Ну а ты? Скулишь от бессилия? Ведь ты-то уже никогда, вдумайся, ни-ког-да вот так не остановишь на себе взгляд той девицы?.. Или смакуешь сладкую горечь обиды на старость? Что скажешь? А ничего. И не скулю, и не скриплю зубами. Страшно и стыдно признаться, но даже тоску, обрывок которой по инерции проносится в тебе, ты ловишь за хвост, чтобы попробовать пережить ее в полную силу, и не получается… На самом деле ты спокойно регистрируешь увиденное, радуясь отчетливости зрения. Не более того».
Самые неподвижные и самые муторные – это три часа после обеда: пустой парк, косматые ели, травка, на которой лежит моя книжка с прочитанными первыми тремя страницами, на дальнейшее не хватило инерции.
И вообще парк этот слишком велик, коридоры пусты и бесконечны, музыка в баре громче, чем надо, – не хватает неба, ленивого изгиба набережной, не хватает толп незнакомых людей. Тут только одно место по мне – бухточка за парком с заброшенным пляжем. Но даже оно не впускает в себя.
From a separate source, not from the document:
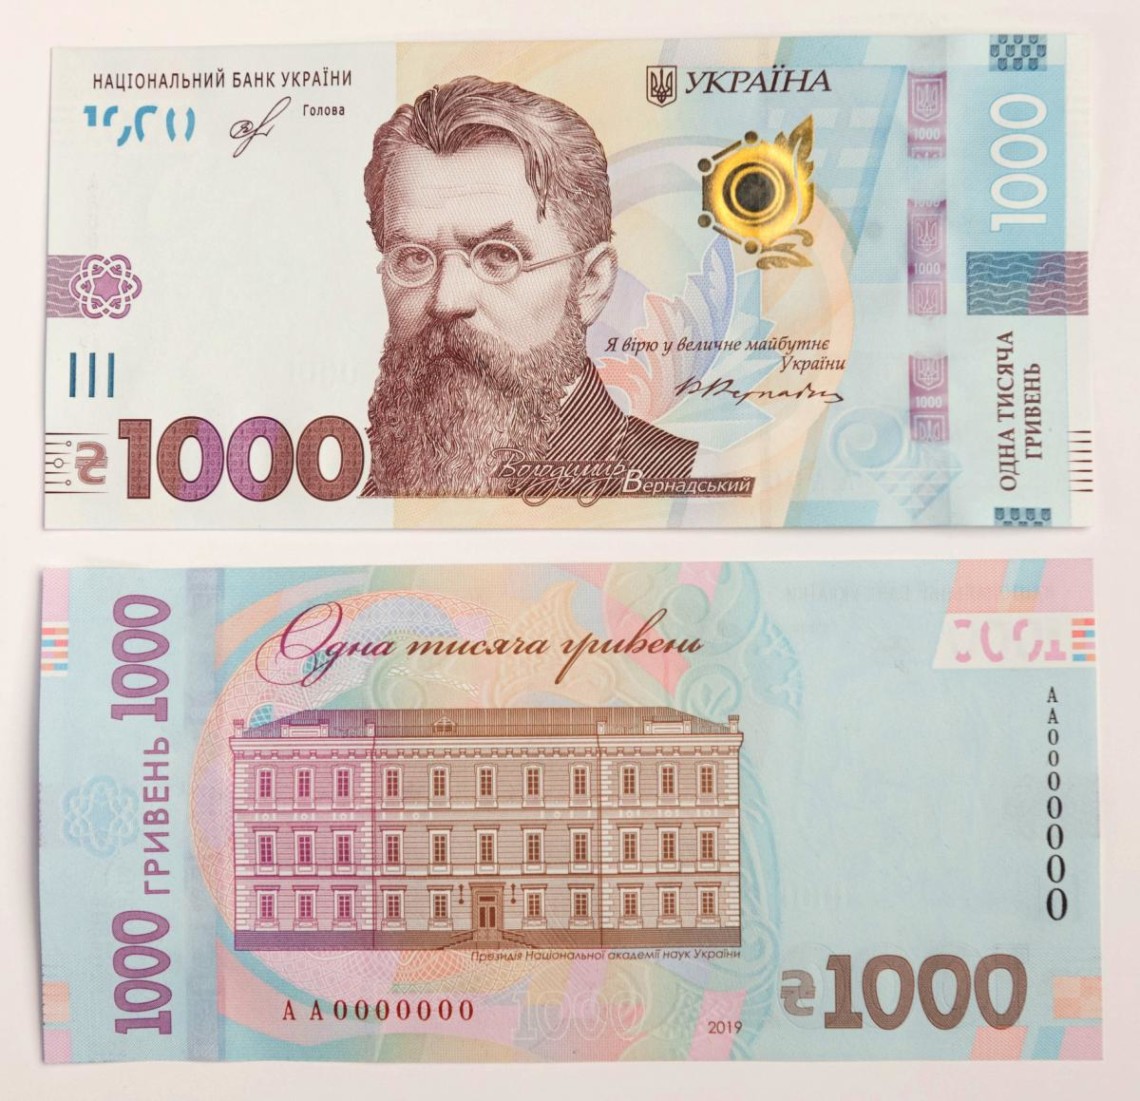 Национальный банк Украины с 25 октября вводит в обращение новую банкноту номиналом 1 тысяча гривен.

Господи, что я здесь вообще делаю?
Мне покойно и свободно. Но слишком отчетливо я чувствую свое состояние, как «покойное» и «свободное».
И когда однажды после обеда вдруг раздался телефонный звонок, я даже обрадовался.
– Ходят слухи, что вы отчаянно скучаете?
– Откуда информация?
– У вас там наш друг отдыхает. Может, видели – культурист такой с рыжими усиками.
Действительно, есть такой. Каждый день в бассейне вижу. Дремлет, красавец, обложившись газетами. Располагается где-то на границе между панами и бандитами, но в общем-то близко от меня. Вот уж кто точно не обращает на меня внимания. Хотя… Как-то раз я очень неожиданно наткнулся на него в пустом парке.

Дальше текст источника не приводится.